In the absence of internationally accepted quality standards for treatment of children with CNS tumors, the search for specific aspects to be improved is challenging. This report suggests the importance of several factors: Firstly, attention should be paid to time from initial symptoms to diagnosis. In our study, the median of this interval was two weeks (range 0–12), a good result when compared to data reported for CNS tumors in other countries (Germany 24 days, Switzerland 60 days, UK 100 days) [15, 30, 31]. While different studies have not demonstrated a prognostic impact of time to diagnosis, it remains important to ensure rapid initial diagnosis [32,33,34,35].

Also, our report shows that 74% of patients receive surgery within less than a week. However, of the 19 patients with irradiation planned upfront, only 42% received radiotherapy within 49 days of first surgery.

Secondly, extent of resection is a well-known prognostic factor, also reflected in our study, where the experience of the neurosurgical team is key. In our study only half of the patients (23/43) achieved GTR. In this sense, national initiatives such as the creation of reference centers for complex neurosurgery [36] are positive and its impact will be evaluated in the future.

Thirdly, radiotherapy is another crucial factor impacting patients’ outcome, but its association with long-term morbidity, particularly in young children, is the major limitation. Hence, postsurgical radiotherapy deferral is common practice in children younger than 3 years, but it remains controversial in older children, especially in the “grey zone” 3–4 years, leading to disparity of criteria among scientific groups and institutions [37]. There were four children older than 4 years in our study that did not undergo RT as first-line treatment. In one of them this was due to his palliative situation, and he passed away soon after diagnosis. The other three were treated using protocols designed for young children (Head Start II [18] and COG-ACNS0334 -NCT00336024-). All three underwent RT on first relapse, but only one of them was rescued.

Fourthly, there are no established standards to quantify major toxicities, toxic deaths and modifications in chemotherapy time and dose intensity. These treatment protocols have potential significant toxicities and this study will serve as a baseline to measure new indicators prospectively.

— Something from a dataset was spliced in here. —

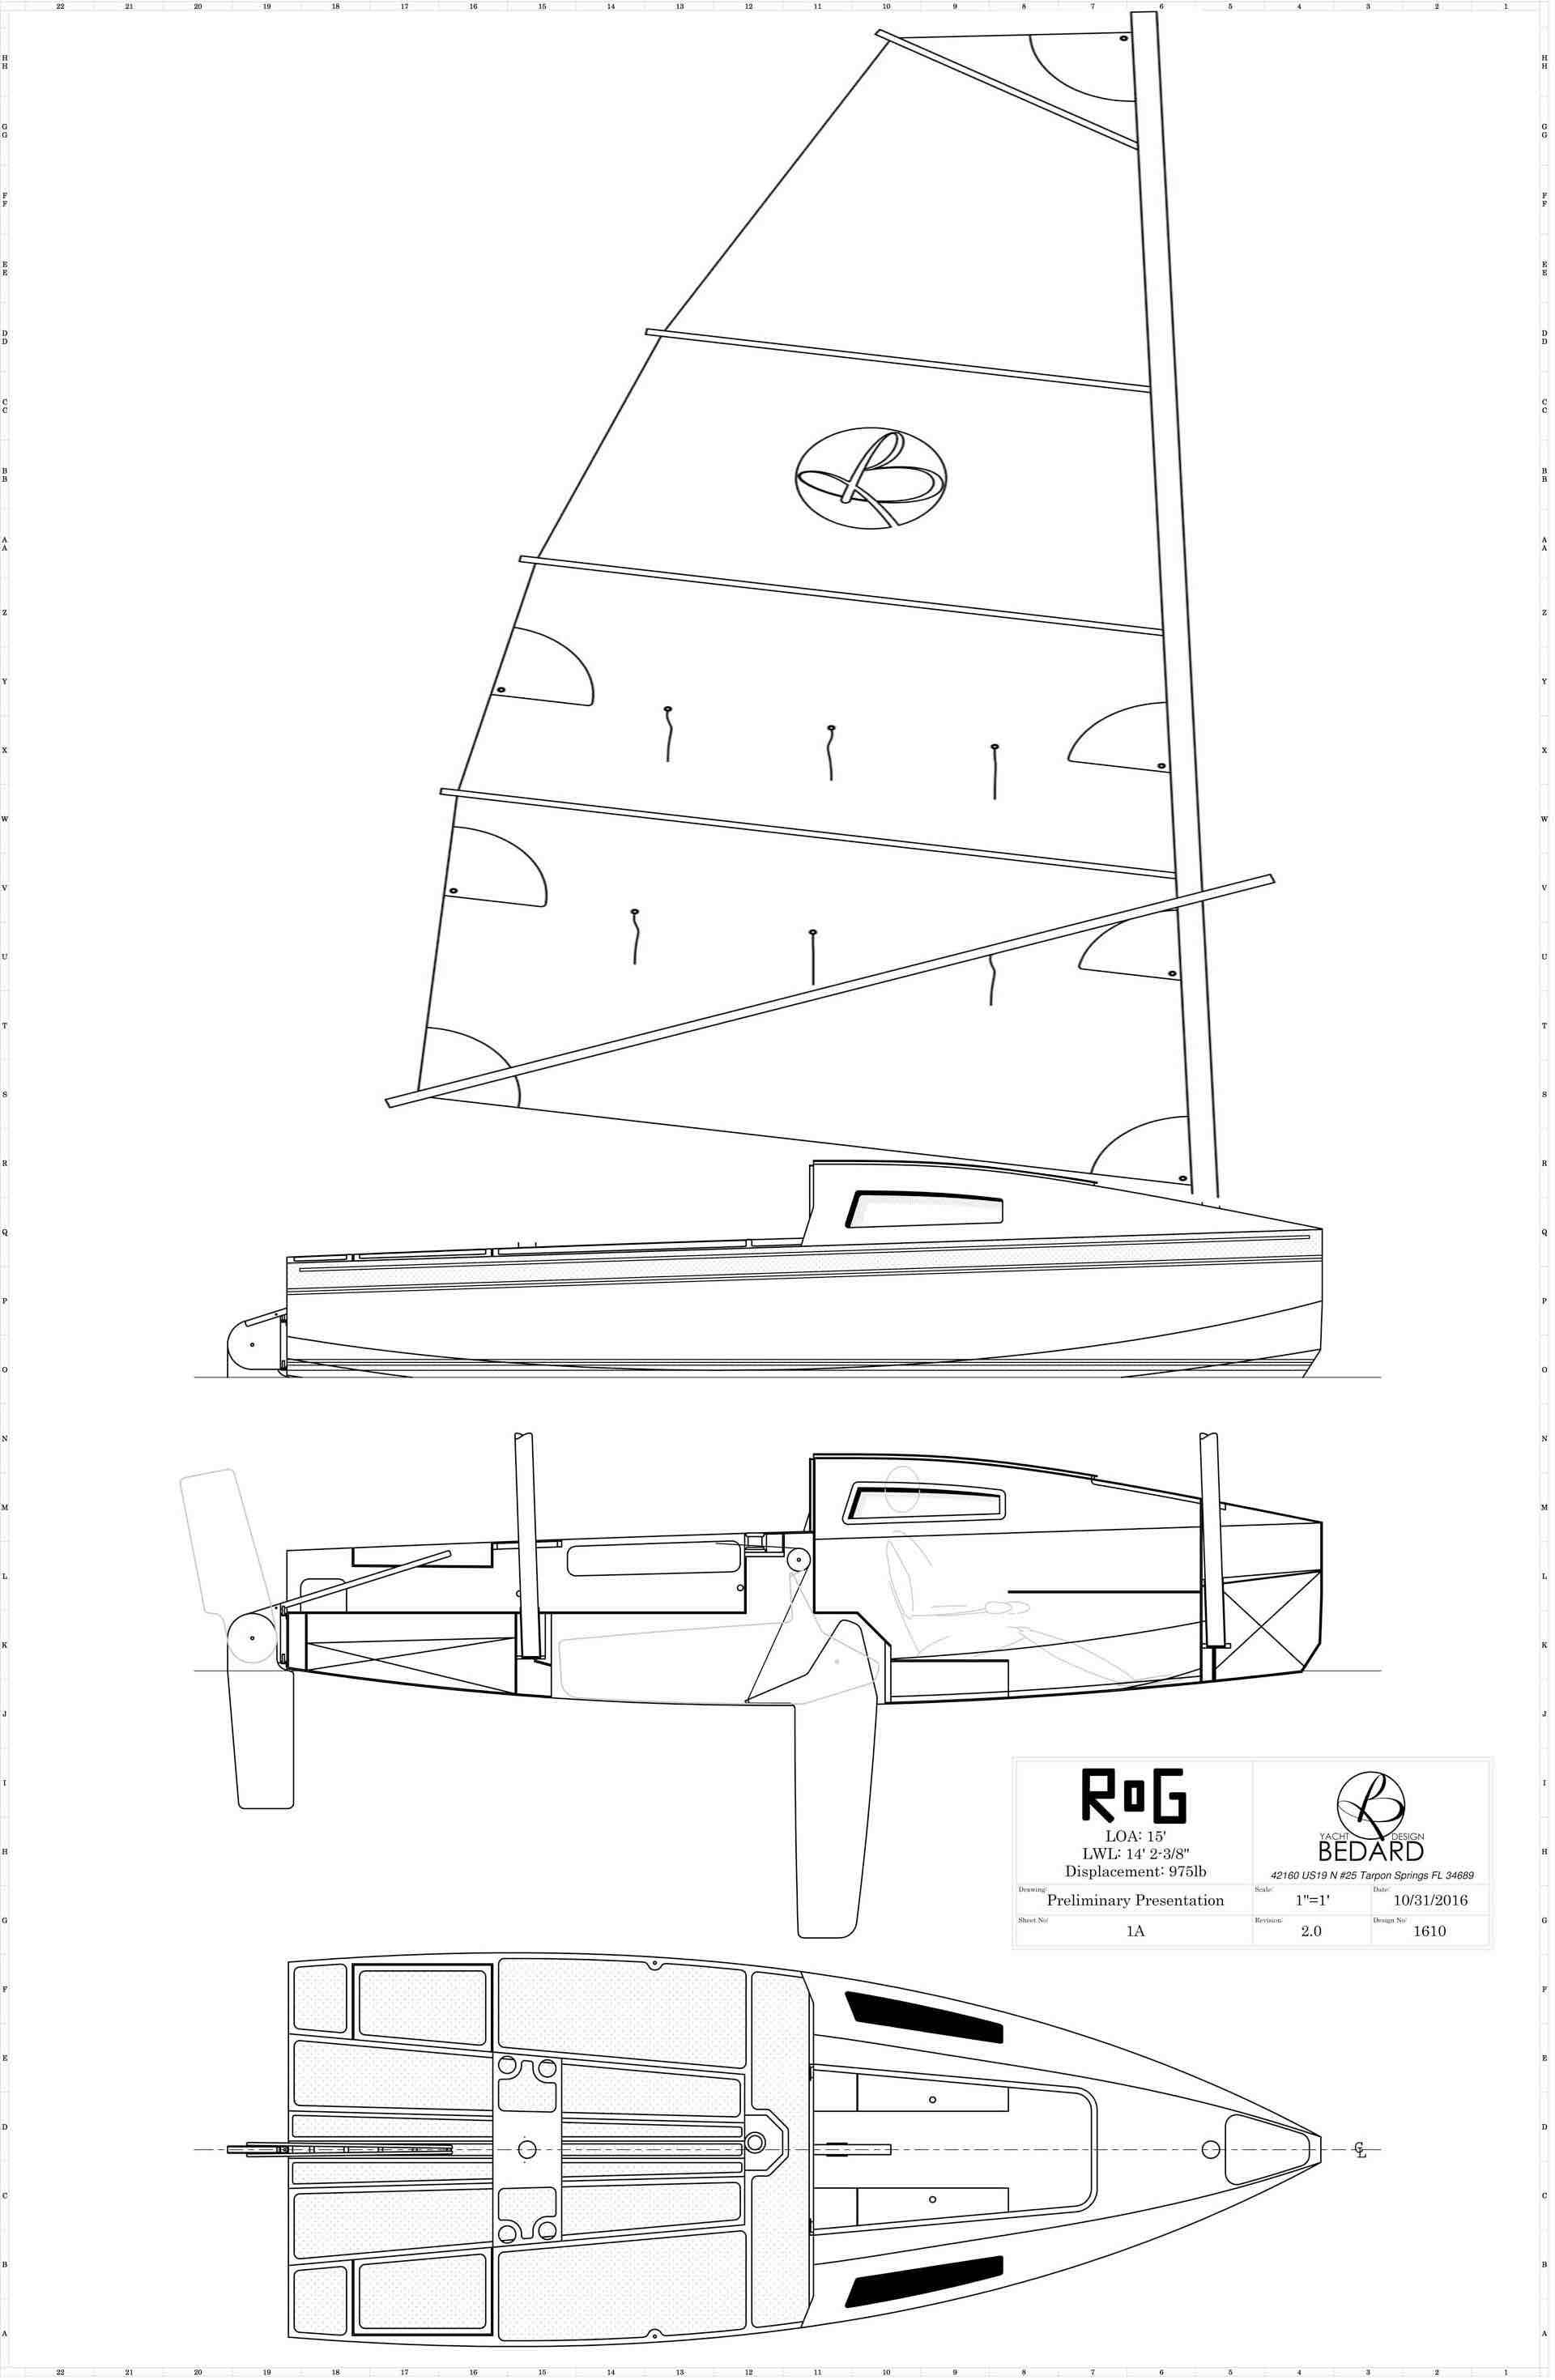 Name:  Cat rig same main mast.jpg Views: 286 Size:  201.4 KB
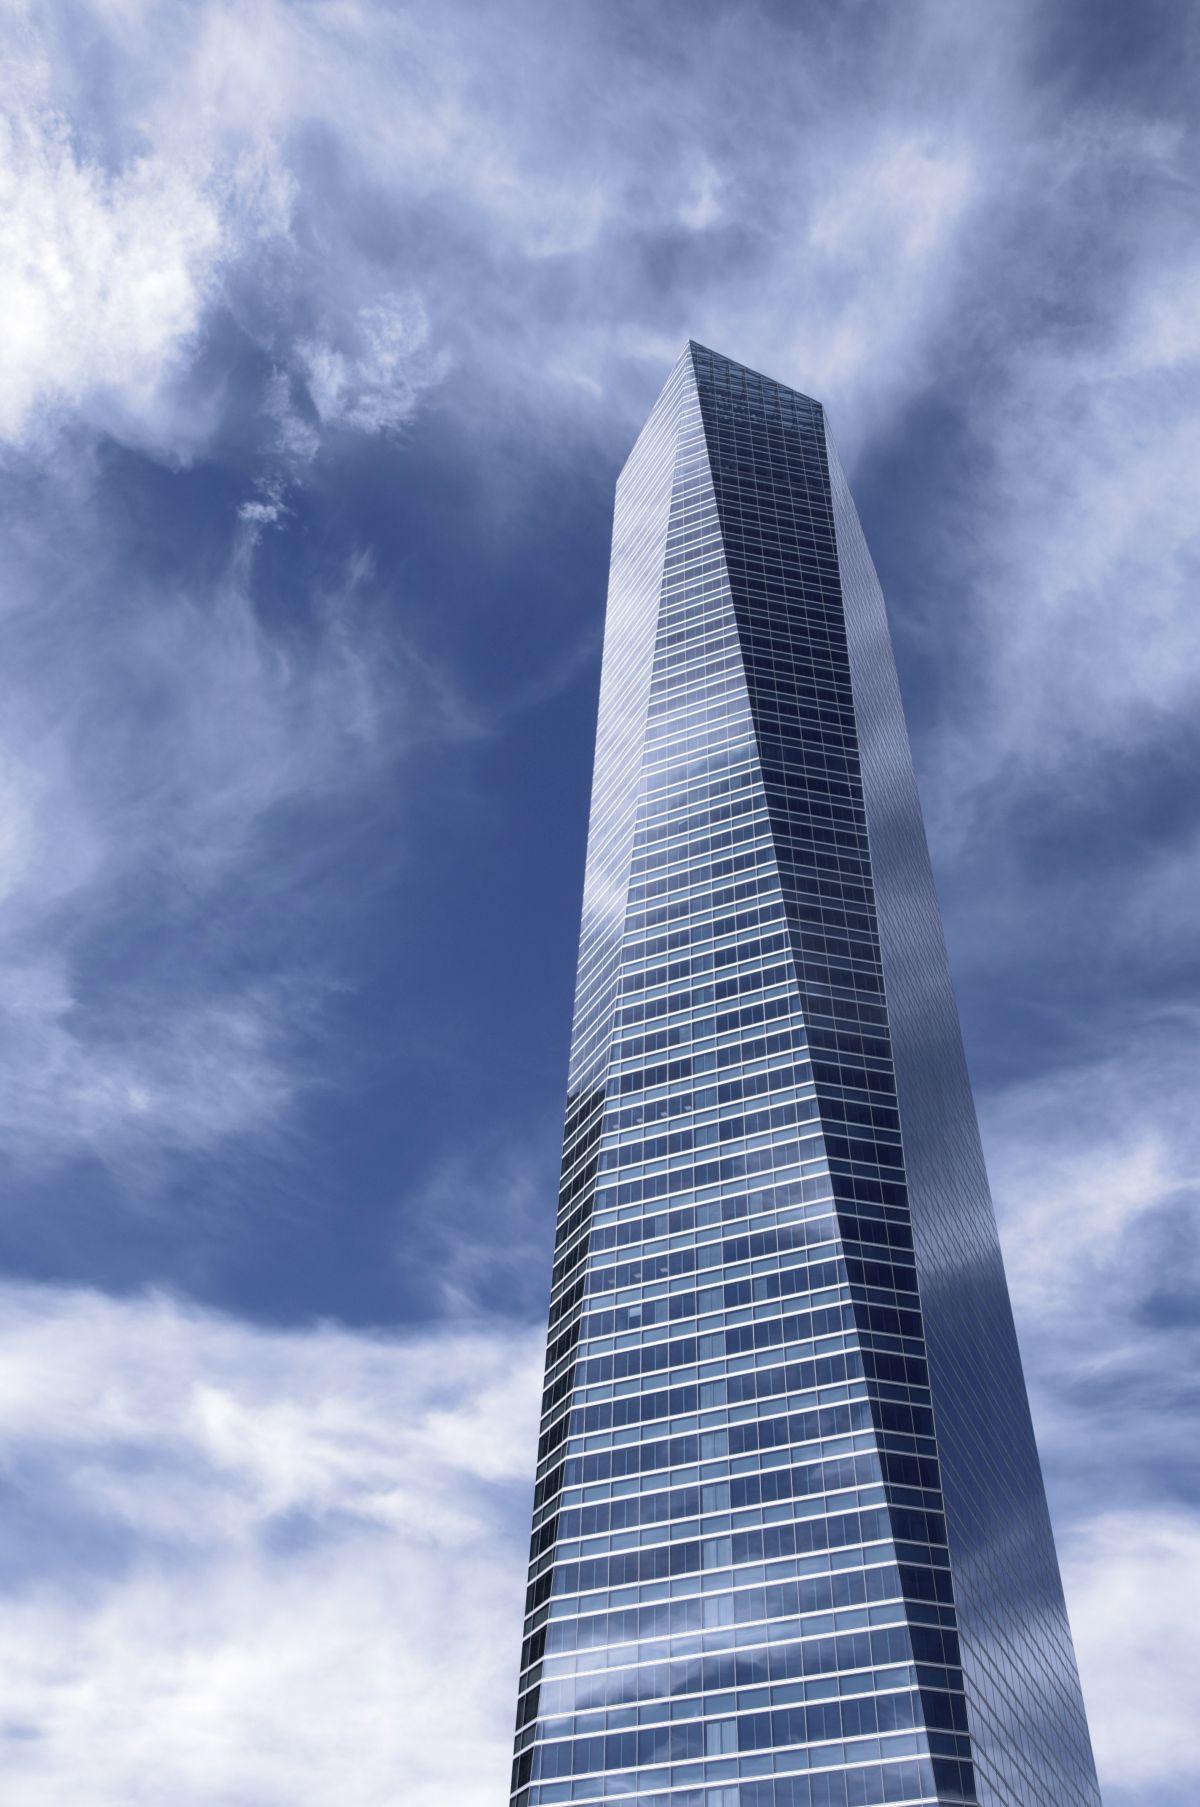 fasada od stakla na neboderima

The main conclusion of this work is that although we benefit from a well-established health care system in Spain, there is a strong need for collaboration and networking in the treatment of complex CNS tumors such as PNET/PB. The efficacy of the primary care system is reflected in our study in the fast diagnosis of these patients. Survival rates of children with PNET/PB are far from the rates obtained in international clinical trials and a common therapeutic strategy is lacking. This study has served to identify specific aspects to improve in the care of patients with CNS-PNET, namely developing a common treatment strategy, ideally within international collaborative clinical trials, improving referral pathways and reference centers for treatment of complex and rare tumors, maximizing collaboration among pediatric oncology centers, and incorporating new biological markers and the new classification of embryonal CNS tumors. As a result of this study, a subsequent retrospective molecular analysis of archival tumor samples available for this patient cohort has been started in collaboration with European reference centers. Hopefully this will lead to improved outcomes for children with CNS-PNET in the near future.